A study suggests that people with osteoarthritis who are also obese are three to four times more likely to require knee and hip replacements than those who maintain a normal weight.

A research team at Monash University in Melbourne, Australia followed more than 39,000 healthy volunteers for 15 years and found that increased weight, waist circumference and body mass index (BMI) were associated with a higher risk of joint replacements.

The study’s authors say that the additional weight not only puts stress on joints but that fatty tissues also release inflammatory proteins into the blood that may contribute to the destruction of cartilage.  

For their analysis, researchers stratified study participants into four groups based on their weight. Compared to the lightest group, of women who weighed less than 130 pounds and men who weighed less than 160, those in the heaviest quartile, of women who weighed at least 160 pounds and men who weighed at least 214 pounds, had, on average, 3.4 times the risk of having a knee or hip replaced 15 years after they entered the study.

The association between weight and joint replacements held even when researchers looked at other measures of obesity, like body mass index (BMI) or waist circumference.

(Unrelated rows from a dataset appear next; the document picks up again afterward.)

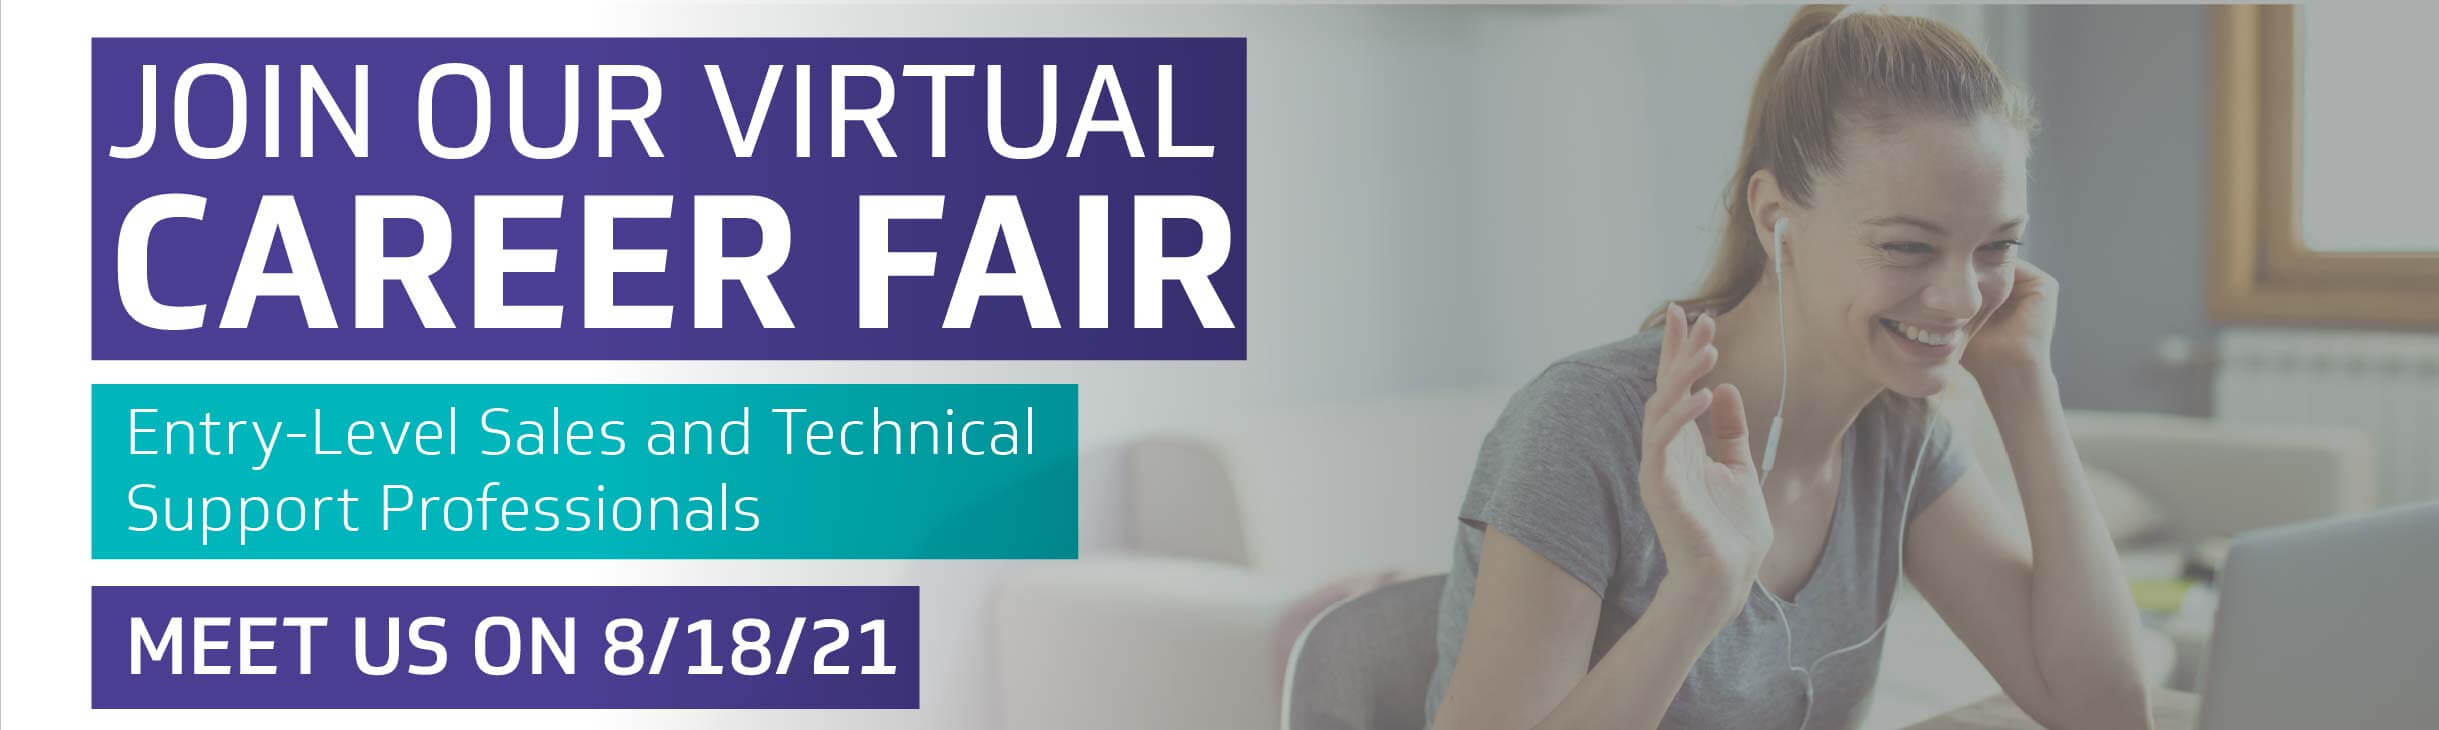 Join Our Virtual Career Fair on August 18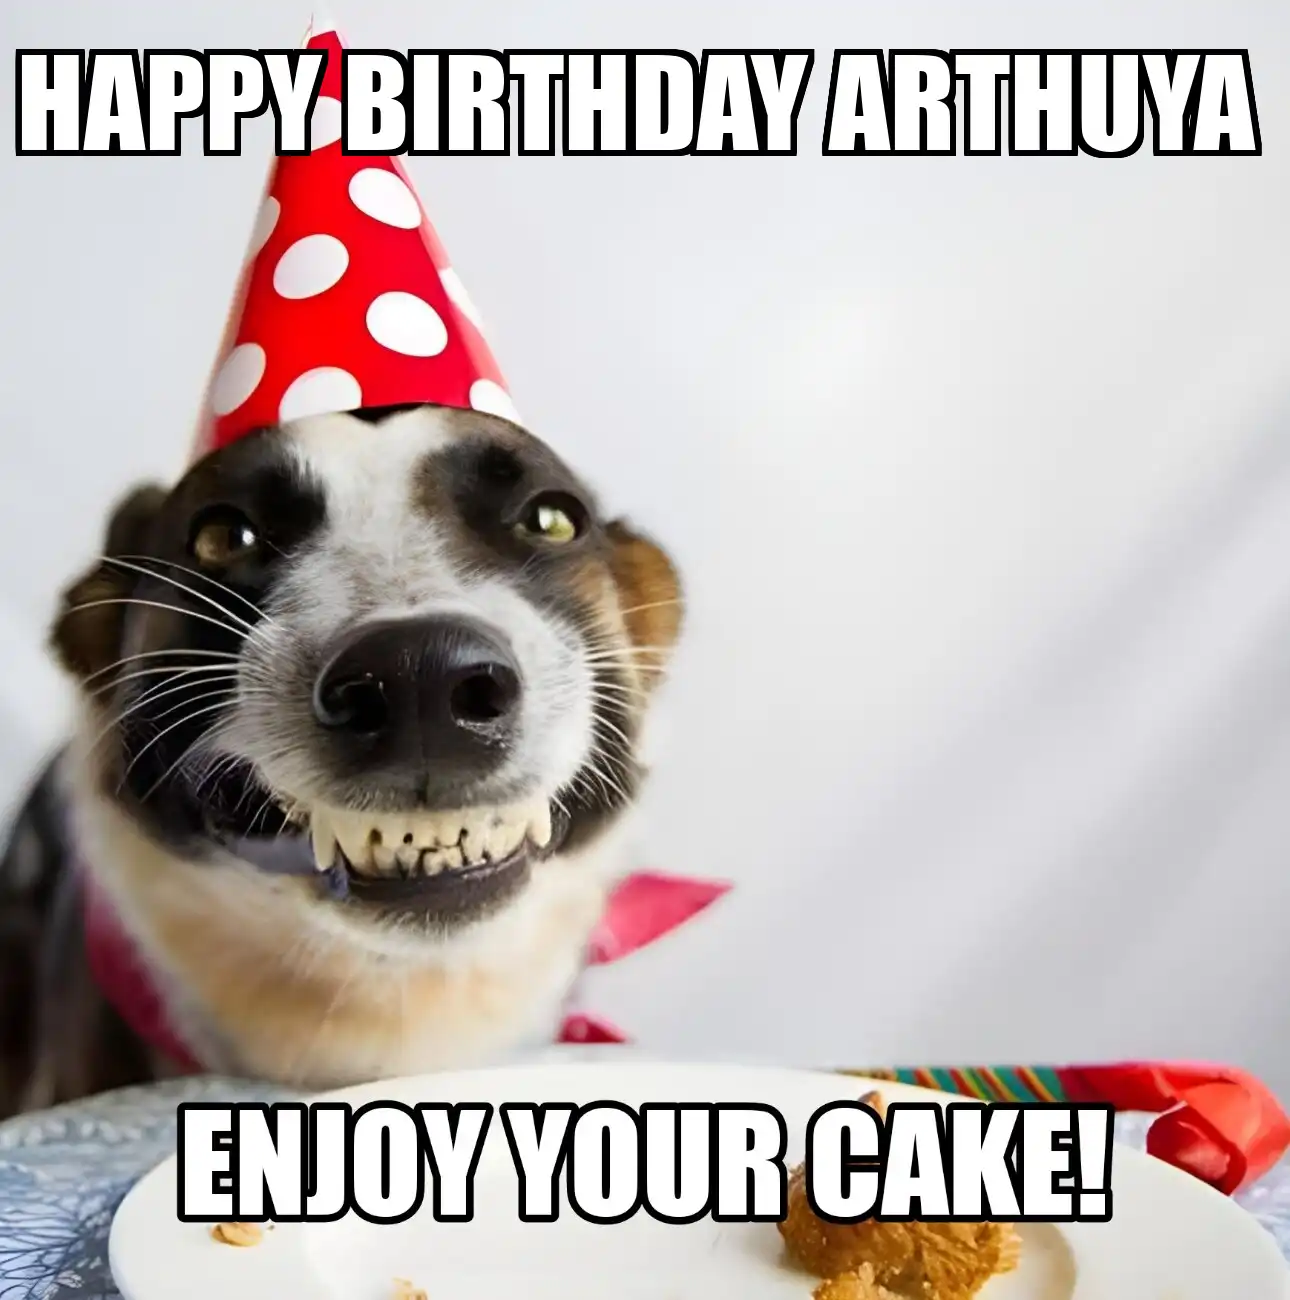 Happy Birthday Arthuya Enjoy Your Cake Dog Meme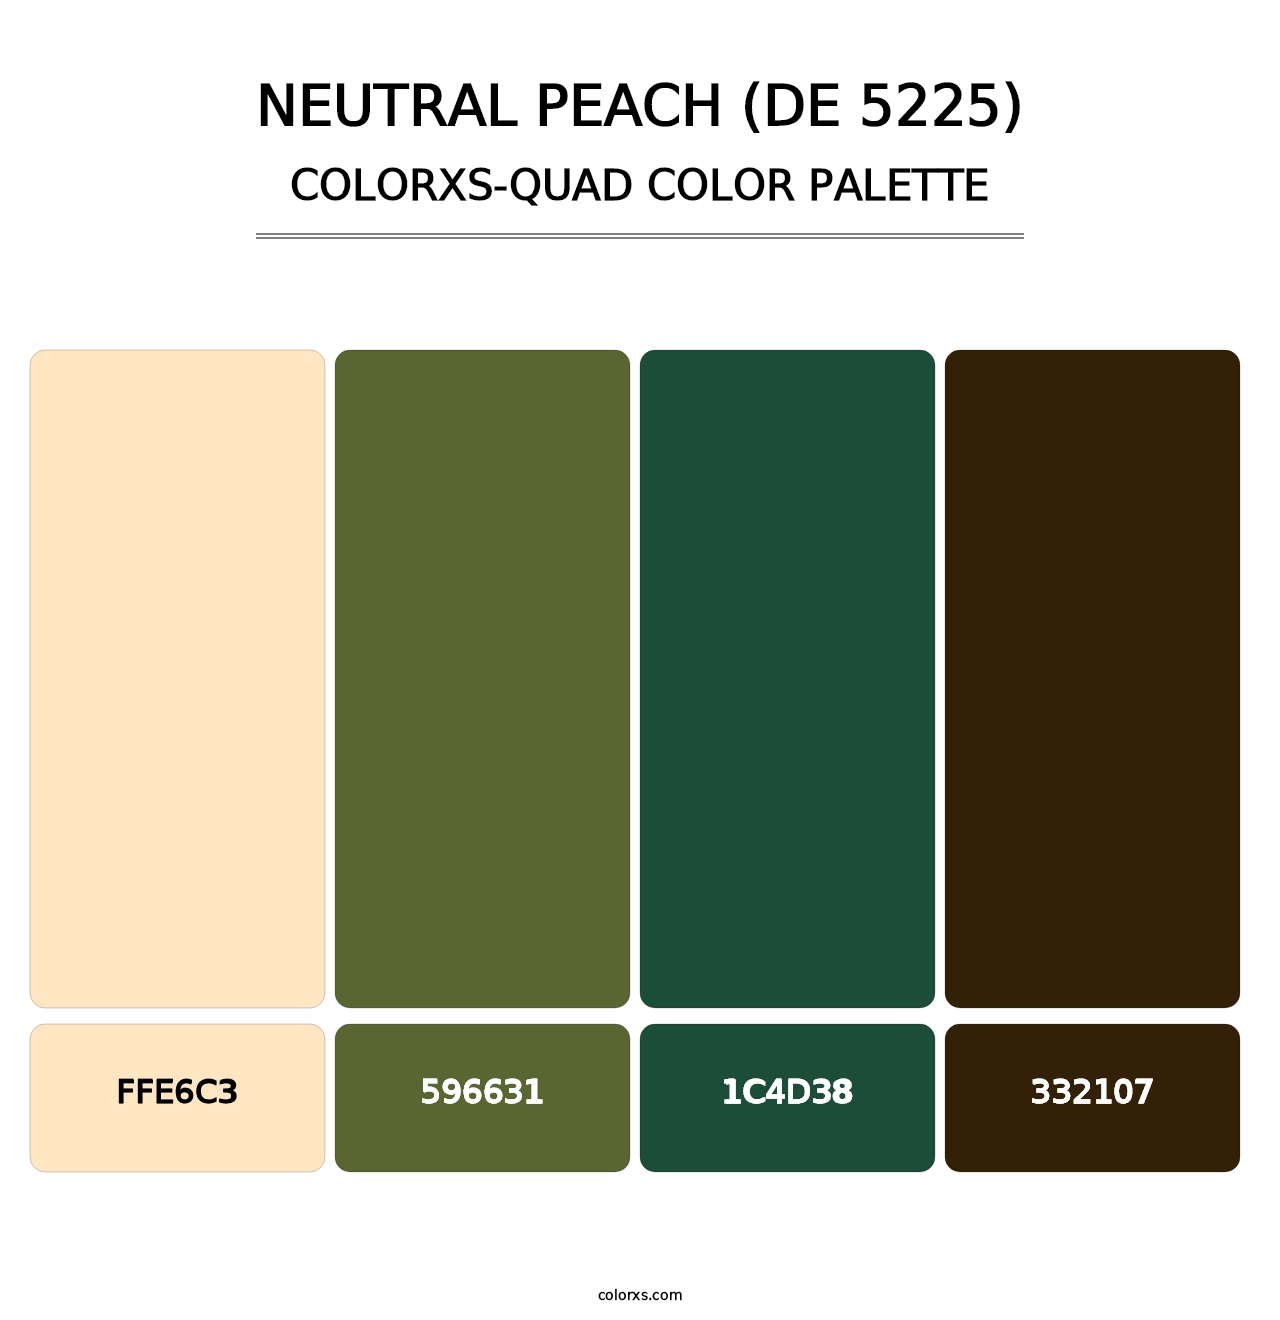 Neutral Peach (DE 5225) - Colorxs Quad Palette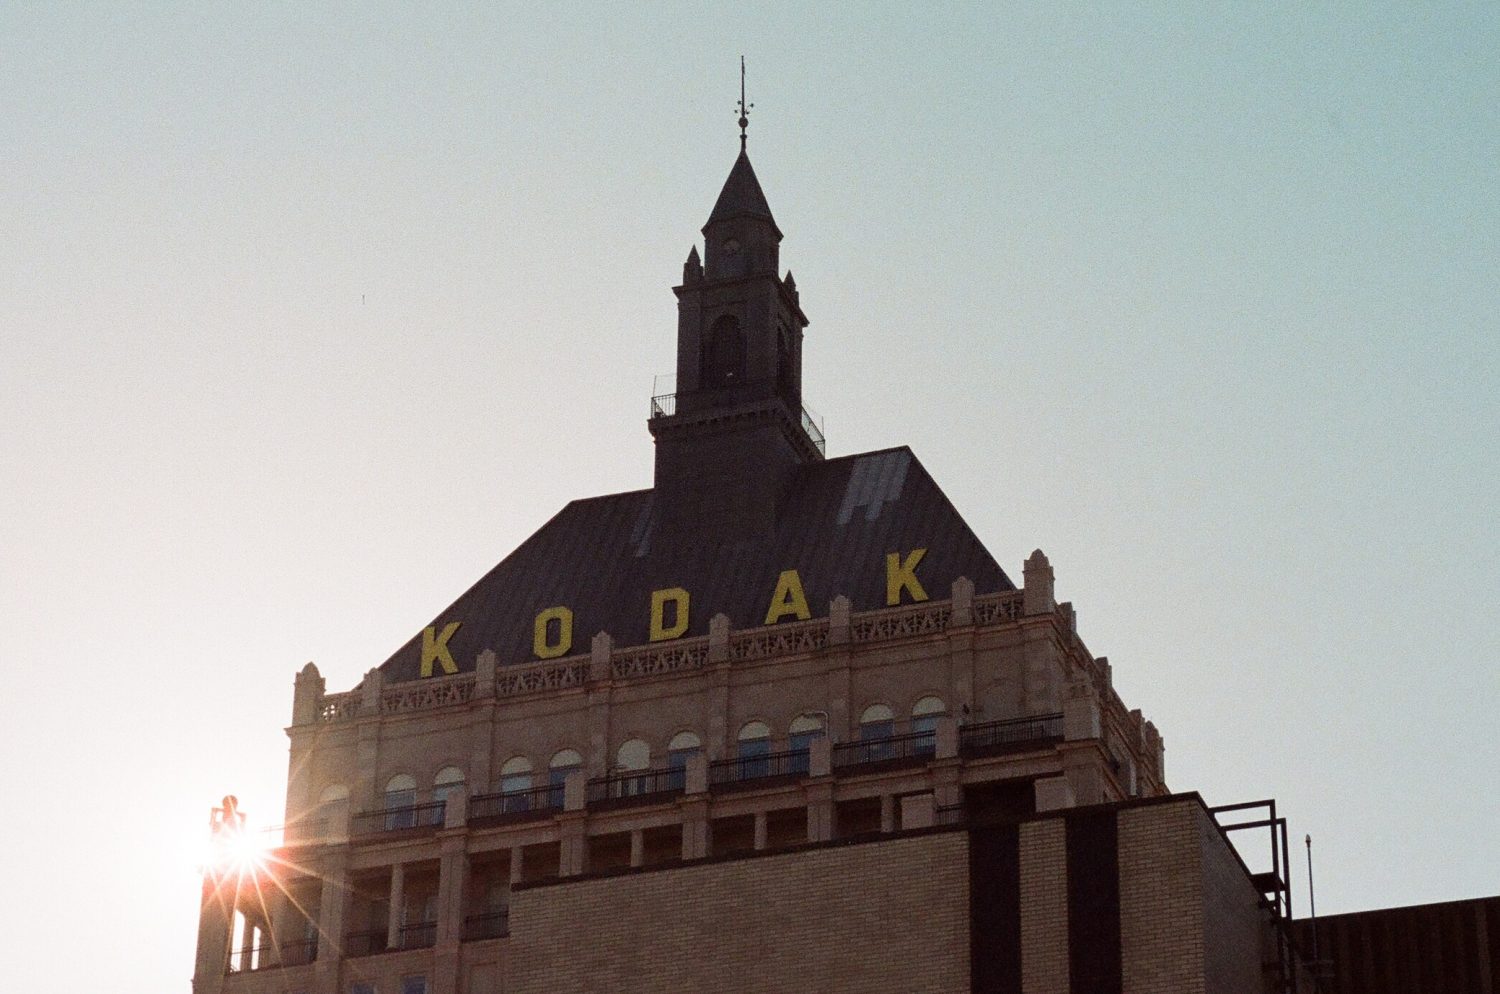 Kodak Tower

Dr. Flavia Cicuttini, a physician in the departments of epidemiology and preventive medicine at Monash University, led the researchers. 

She says these findings have implications for weight loss strategies for people with osteoarthritis. “Weight loss alone may not be sufficient: losing total fat mass as well as decreasing waist fat should be targeted.” 

Lawrence Cheskin, MD, director of the Johns Hopkins Weight Management Center in Baltimore, Maryland, who was not involved in the study, says the report’s finding of a link between a higher BMI and joint replacements is not groundbreaking. But he, too, is intrigued by the research indicating that waist circumference is tied to an increase in joint replacements.

“That seems fairly new to me. The thought that you don’t even necessarily have to be obese,” he explains. He says patients can have a bigger waist circumference without technically being obese. “So the question is, could this be a risk factor independent of being obese if you have extra belly fat.”

Researchers say they expect demand for joint replacement to increase in the future because of the global obesity epidemic. Dr. Cheskin says that is yet another reminder of the benefits of maintaining a health weight.

“I think the bottom line is there is no evidence to the contrary. In other words, losing weight has lots of benefits,” he says. “And you don’t need to be a perfectionist. You don’t have to get to the weight you were at eighteen. Even if you get to a weight that’s half-way to your goal, it may ease your discomfort and the progression of your disease.”

Dr. Cicuttini agrees that regular exercise and avoiding weight gain must be the message. “If people are already obese, it is not too late to change their fate. There is evidence to suggest that weight loss reduces the risk of developing knee osteoarthritis.”

She says she is also planning further studies to try to understand the effect of fat mass on the joint because some of her early work suggests fat may be metabolically active and result in joint damage that could be a possible target for new therapies.